5.4 Ceph监控
1 部署Dashboard
(1) 说明
Ceph从L版本开始,Ceph提供了原生的Dashboard功能,通过Dashboard对Ceph集群状态查看和基本管理,使用Dashboard需要在MGR节点安装软件
包。
(2) 查看ceph状态
# ceph -s
cluster:
id: 14912382-3d84-4cf2-9fdb-eebab12107d8
health: HEALTH_OK
services:
mon: 3 daemons, quorum ceph-node01,ceph-node02,ceph-node03 (age 4h)
mgr: ceph-node01(active, since 4h), standbys: ceph-node02, ceph-node03
osd: 6 osds: 6 up (since 4h), 6 in (since 12d)
data:
pools: 2 pools, 65 pgs
objects: 4 objects, 19 B
usage: 6.1 GiB used, 114 GiB / 120 GiB avail
pgs: 65 active+clean
# ceph -v
ceph version 15.2.15 (2dfb18841cfecc2f7eb7eb2afd65986ca4d95985) octopus (stable)
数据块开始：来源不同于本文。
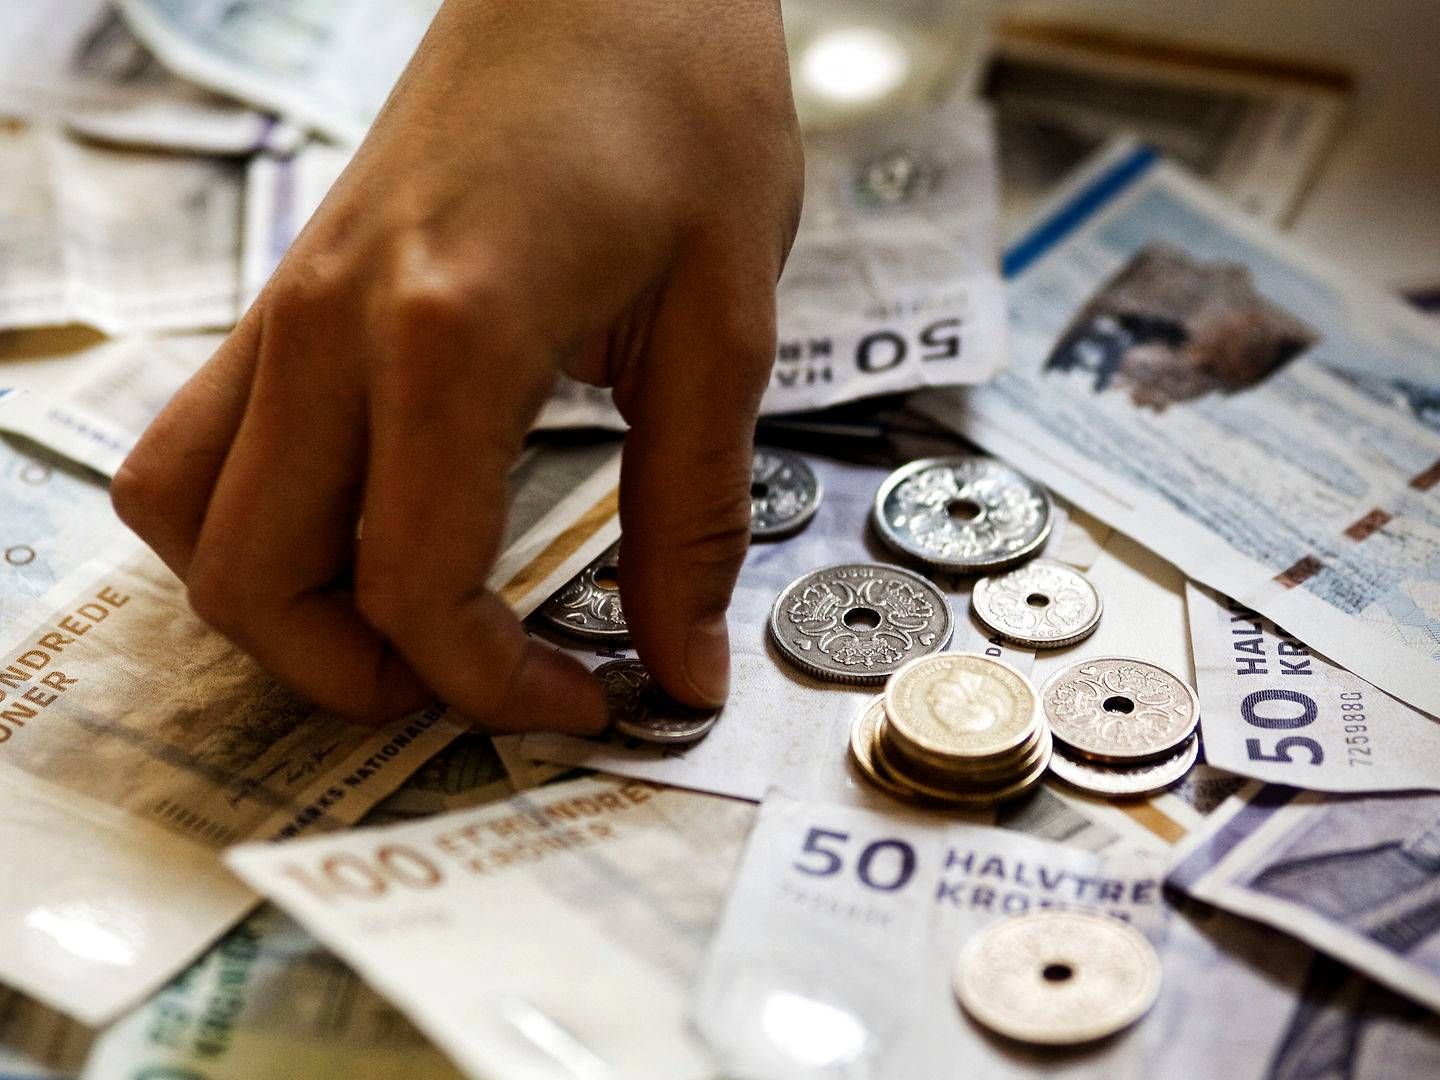 Nationalbankens anbefaling om at borgerne skal ligge inde med kontanter i små sedler får Nokas-direktør til at undersøge om 50'eren kan komme tilbage i hæveautomaterne. | Foto: Lærke Posselt/Politiken/Ritzau Scanpix

(3) 在ceph-node01、ceph-node02、ceph-node03上安装
1) 设置ceph源
之前在部署ceph时已经设置了ceph源,这里就不赘述了。
2) 安装
# yum install ceph-mgr-dashboard –y
......(省略内容)
--> Processing Dependency: python3-routes for package: 2:ceph-mgr-dashboard-15.2.15-0.el7.noarch
--> Processing Dependency: python3-cherrypy for package: 2:ceph-mgr-dashboard-15.2.15-0.el7.noarch
--> Processing Dependency: python3-jwt for package: 2:ceph-mgr-dashboard-15.2.15-0.el7.noarch
---> Package ceph-prometheus-alerts.noarch 2:15.2.15-0.el7 will be installed
---> Package python36-werkzeug.noarch 0:1.0.1-1.el7 will be installed
--> Finished Dependency Resolution
Error: Package: 2:ceph-mgr-dashboard-15.2.15-0.el7.noarch (Ceph-noarch)
Requires: python3-jwt
Error: Package: 2:ceph-mgr-dashboard-15.2.15-0.el7.noarch (Ceph-noarch)
Requires: python3-routes
Error: Package: 2:ceph-mgr-dashboard-15.2.15-0.el7.noarch (Ceph-noarch)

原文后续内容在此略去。